Let's say that big.json contains this really big JSON document:

// big.json
{
    "apple": {
        "color": "red"
    },
    "pear": {
        "color": "yellow"
    }
}

It can be parsed this way:

<?php

$jsonStream = \JsonMachine\JsonMachine::fromFile('big.json');

foreach ($jsonStream as $name => $data) {
    // 1st iteration: $name === "apple" and $data === ["color" => "red"]
    // 2nd iteration: $name === "pear" and $data === ["color" => "yellow"]
}

Parsing a json array instead of a json object follows the same logic. The key in a foreach will be a numeric index of an item.

If you prefered JSON Machine to return objects instead of arrays, wrap JsonMachine call into JsonMachine\objects() helper function. This works with any from* function with any json pointer.

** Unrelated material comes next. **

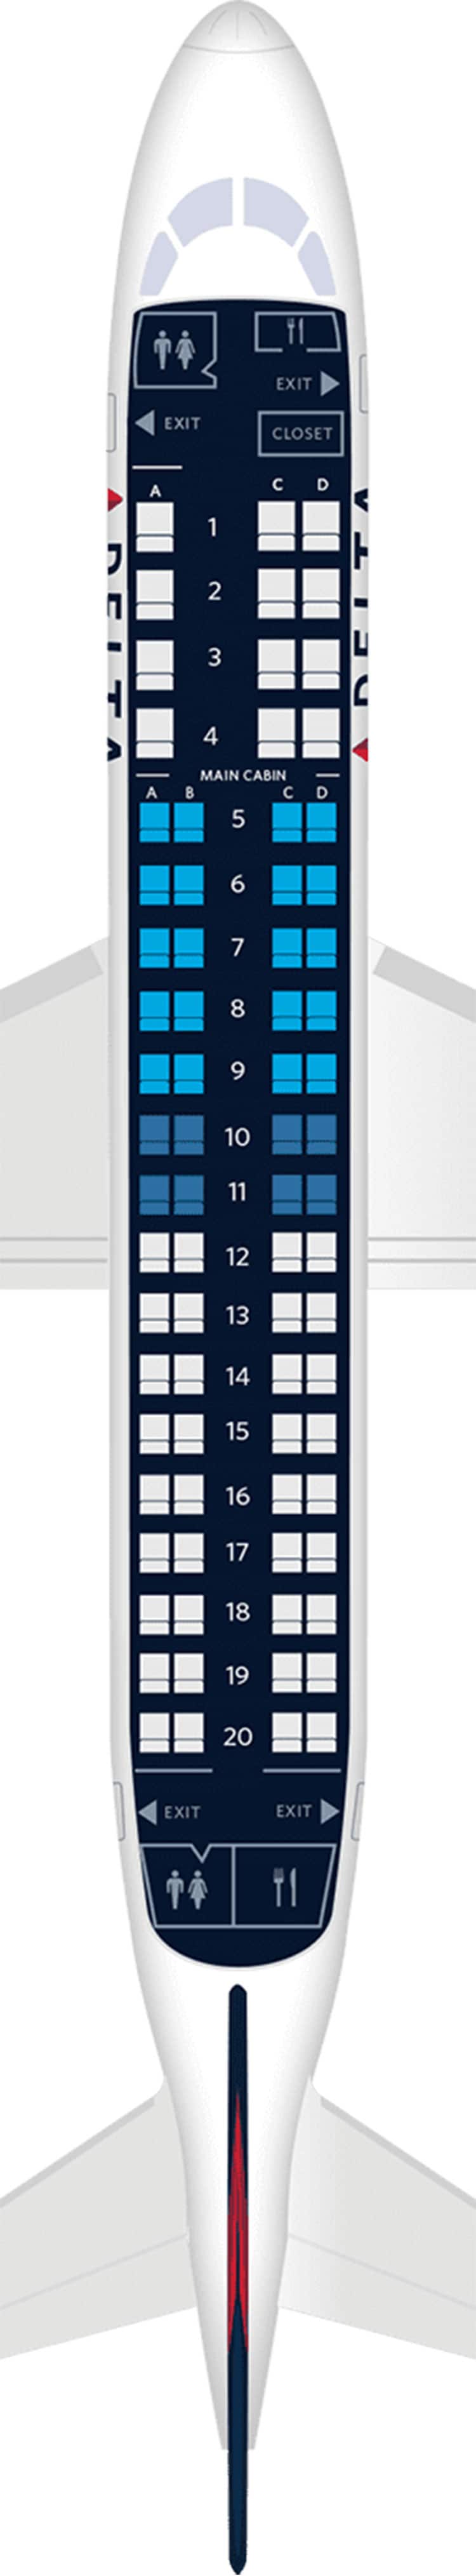 巴航190飞机座位布局图图片
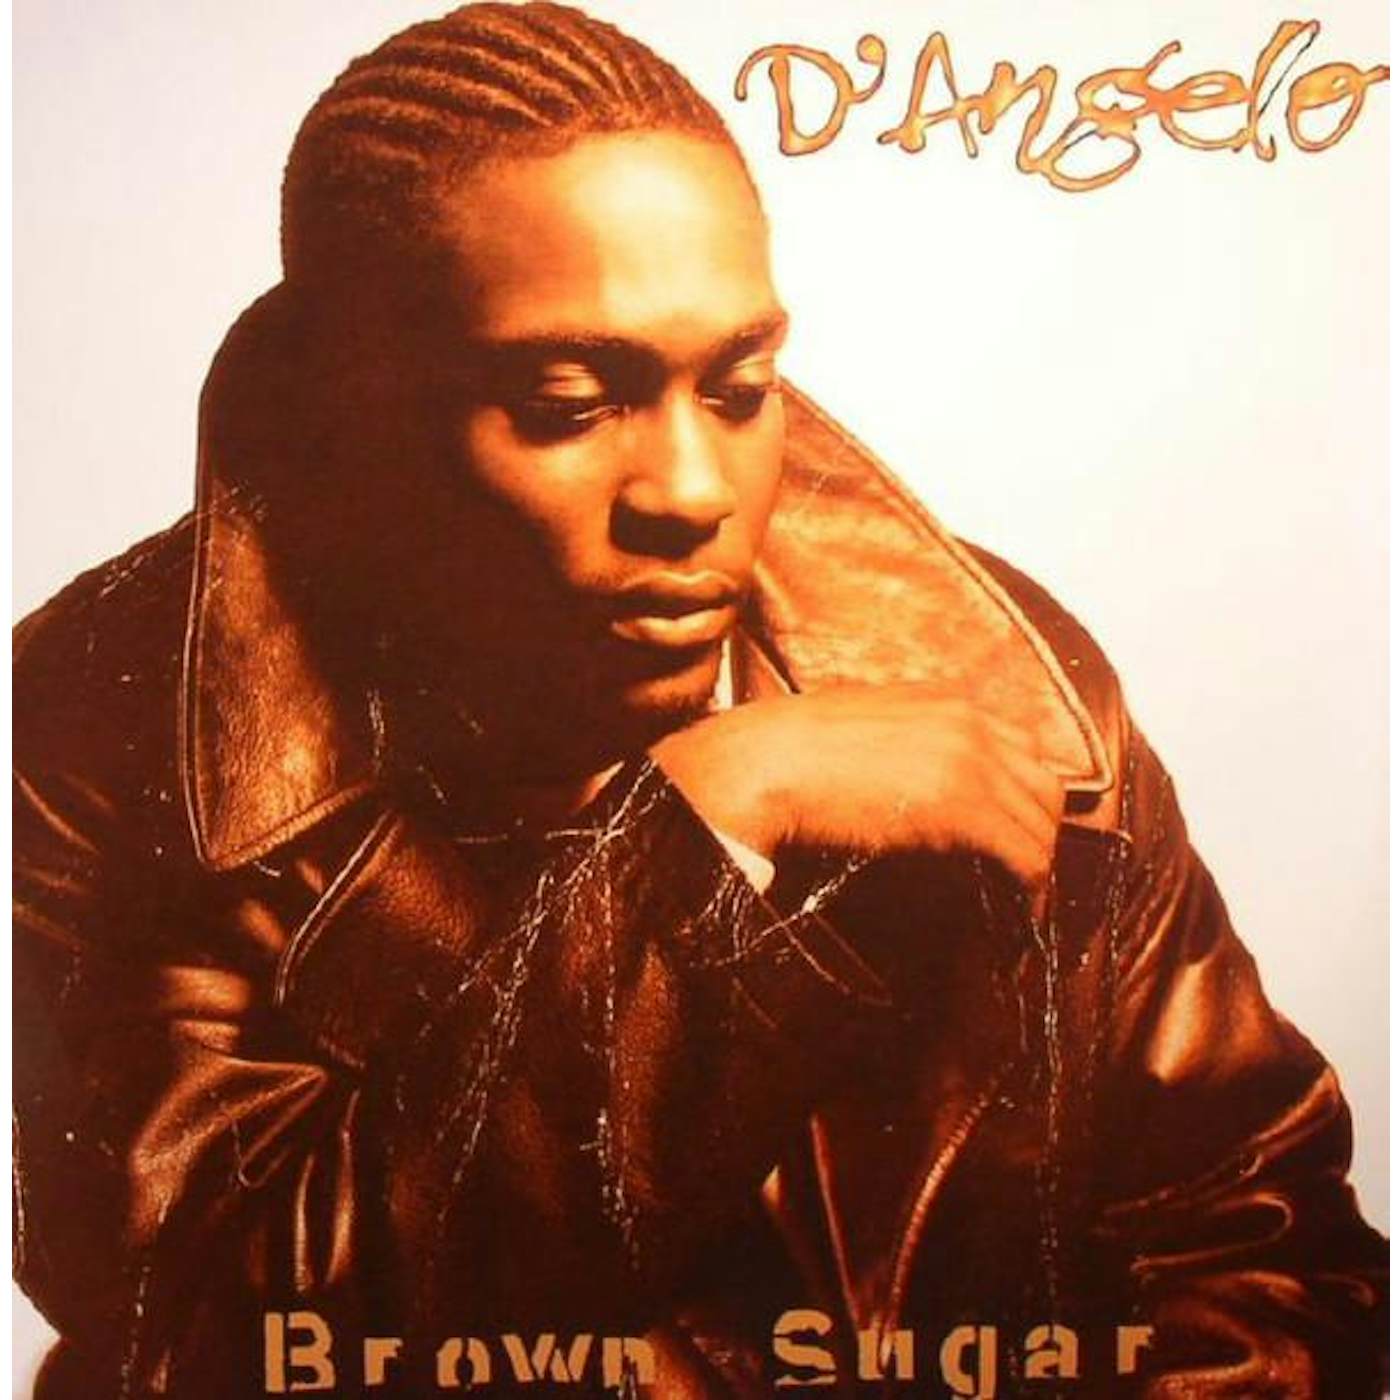 D'Angelo Brown Sugar Vinyl Record

foreach (objects(JsonMachine::fromFile('some.json')) as $object) {
    echo $object->example;
}

Parsing a subtree

If you want to iterate only fruits-key subtree in this fruits.json:

// fruits.json
{
    "fruits-key": {
        "apple": {
            "color": "red"
        },
        "pear": {
            "color": "yellow"
        }
    }
}

do it like this:

<?php

$jsonStream = \JsonMachine\JsonMachine::fromFile("fruits.json", "/fruits-key" /* <- Json Pointer */);
foreach ($jsonStream as $name => $data) {
    // The same as above, which means:
    // 1st iteration: $name === "apple" and $data === ["color" => "red"]
    // 2nd iteration: $name === "pear" and $data === ["color" => "yellow"]
}

Note:

Value of fruits-key is not loaded into memory at once, but only one item in fruits-key at a time. It is always one item in memory at a time at the level/subtree you are currently iterating. Thus the memory consumption is constant.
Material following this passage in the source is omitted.